Она вчера после поцелуя сразу опомнилась, протрезвела и вырвалась домой, даже не далась проводить. «Интересно, – покаянно рассуждала она утром, – вот ведь как всё в жизни бывает, кто бы мог подумать. Рассказать подругам – не поверят: что ты, скажут, ты ли это? А он за кого меня посчитал? Так и думает, наверно, что я такая и есть, а я вовсе не виновата, как-то, само вышло. Нет, вру, виновата, конечно». Утром так стыдно было открывать глаза и помнить вчерашнее, думать, что Лёшка, бедный, спал там, в поле, и ничего не знал. Даже в магазин боязно было идти: казалось, всем уже известно, что она спуталась с артистом. «А вдруг и с Лёшкой бывало такое? – с ревностью подумала она. – Надоест меня ждать, возьмёт какую-нибудь, ту же Нюрку хотя бы, поведёт за бригаду. Ой, что ж это я сделала?»
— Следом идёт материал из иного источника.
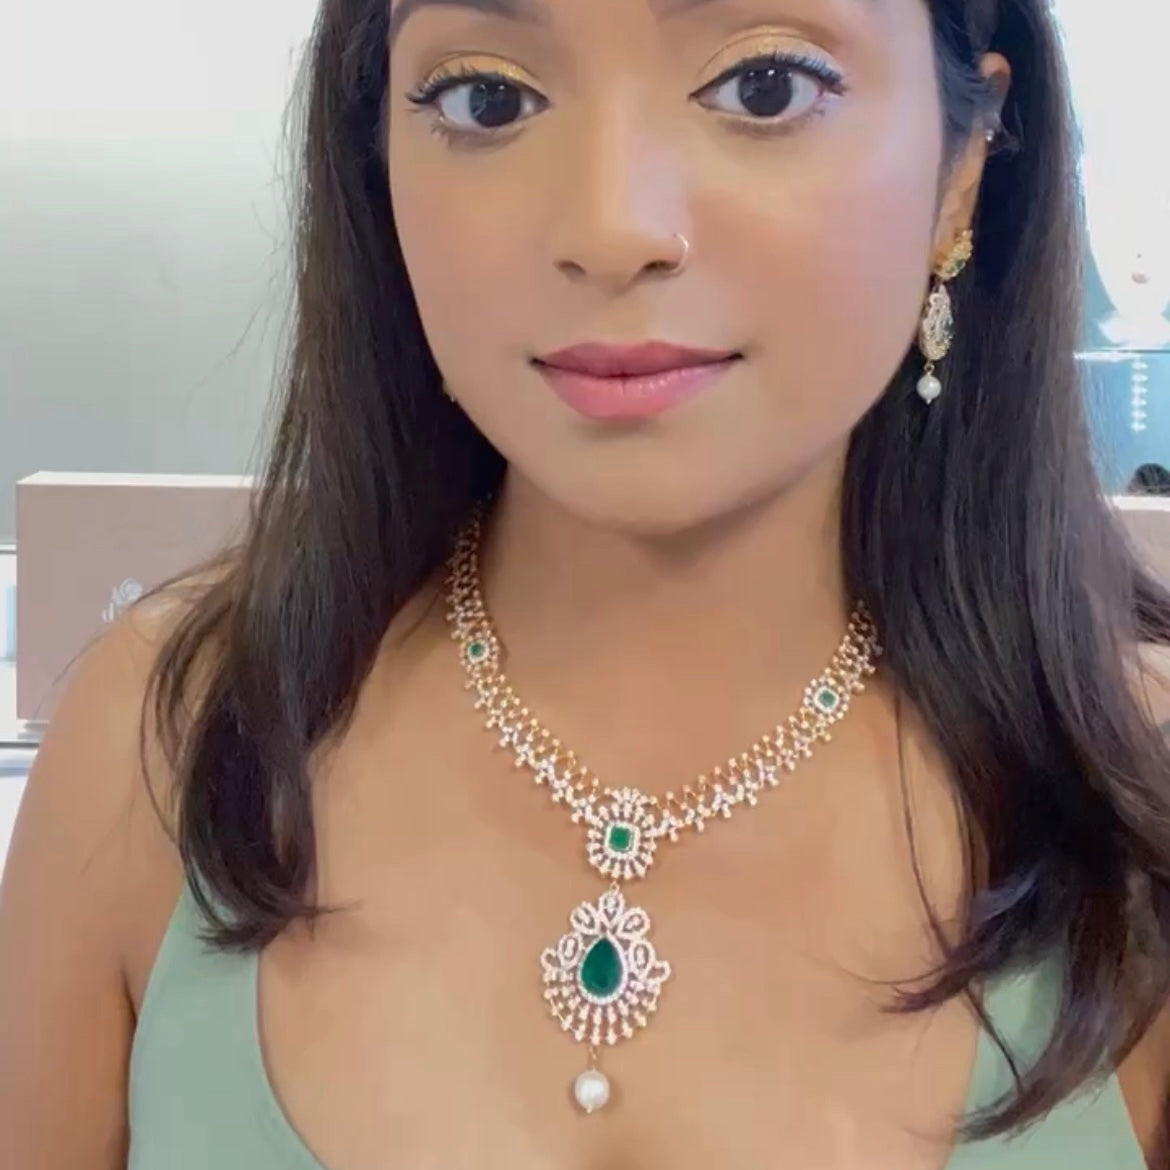 Glitzy Cubic Zarconia Necklace Set with Eccentric Emerald Colored Stones

– Лёш! – позвала она его и прижалась к спине. – Ты там скучаешь без меня?

– Днём некогда скучать, работа.

«Ну вот, скучает он, – обиделась она и ослабила руки. – Гляди, заскучают они тебе. Какие всё-таки мужчины!»

– Днём что! – кричал Лёшка. – Днём ещё ничего. А вечерком иногда думаешь: где она там, зараза, пропадает, нет, чтобы пришлёпать.

– Мол, задружила, да?

– Я задружу, пожалуй, – гордо постращал Лёшка.

– А что б ты сделал, если бы сказали, что я с кем-то пошла?

– Я-то? Ничего. Я б и тебе, и ему морду набил.

– А он-то при чём?

– При том. Что это ты сегодня разговорилась?

– А что мне, и пошутить нельзя?

За стогами они стали. До бригады ещё далеко, и если бы завтра не работа на молоканке, она бы не слезла, поехала бы с ним и осталась там денька на два.

Солнце только-только опустилось. Кругом никого, одни копны, кусты, дорожки, тишина. Как это хорошо, когда есть кого провожать, есть кому увезти тебя за деревню, есть с кем бежать в ригу и бояться, что кто-нибудь видит, и всё-таки утешаться, что никого нет на свете, кроме двоих. Скоро пройдёт лето, всё пожелтеет, чёрными в дожди покажутся поля из окошка, и некого тогда будет ни встречать, ни провожать.

Лёшка уезжал в бригаду на целую неделю.

«А там ему и в армию», – со страхом вспомнила Липа и припала к нему

– Что ты?

– Ветер дует. Что тебе в военном столе сказали? Когда тебе?

– Скоро. А что?

– Ничего, – вздохнула она.

У неё стало нехорошо на душе. «А как же я? – загрустила она чуть не плача. – Ни девка, ни баба. И я молчу, и он не догадывается. Уедет, а ты жди тут, думай, что хочешь. Когда это он вернётся. Да это ещё ничего, можно вытерпеть – не испортился бы там, завлекёт какая-нибудь выдра, что я буду делать?»

– Давай поженимся, – сказал Лёшка, догадавшись.

– Давай! – согласно кивнула она и благодарно прилипла к нему, зацеловала в лицо.

– Ты боялась, да? Ну скажи, что ты думала?

– Сама не знаю, – неопределённо сказала она.

– Ну думала ведь: «А, все они такие!» Да?

– Нет, такого я не думала, – сказала Липа.

Губы у него шершавые, тёплые, и ей не хочется расставаться, блуждать в темноте по полю, Он видит это, но говорит:

– Не побоишься одна?

– То ли маленькая! А ты уже и гонишь?

– О-ой, бабы, ну бабы! Брось ты думать!

– Ладно, я уже не думаю.

Что бы она ни сделала сейчас, чего бы ни наговорила ему! Как бы она обняла его дома и утром бы жалела будить его и любила бы ещё пуще, чем сейчас, да и сейчас как она любит его, уже тоскует, расставаясь с ним на неделю! И она прижимается к нему, сердце её слабеет, бьётся и бьётся у Лёшкиной груди.

– Уже пойдёшь? – говорит он, обнимаясь.

– Постоим ещё.

– В субботу приходи,

– Ладно.

– Только брось думать.

– Уже всё.

– Иди, темно.

– Да я всегда поспею, – говорит она и, отставая, идёт за Лёшкой.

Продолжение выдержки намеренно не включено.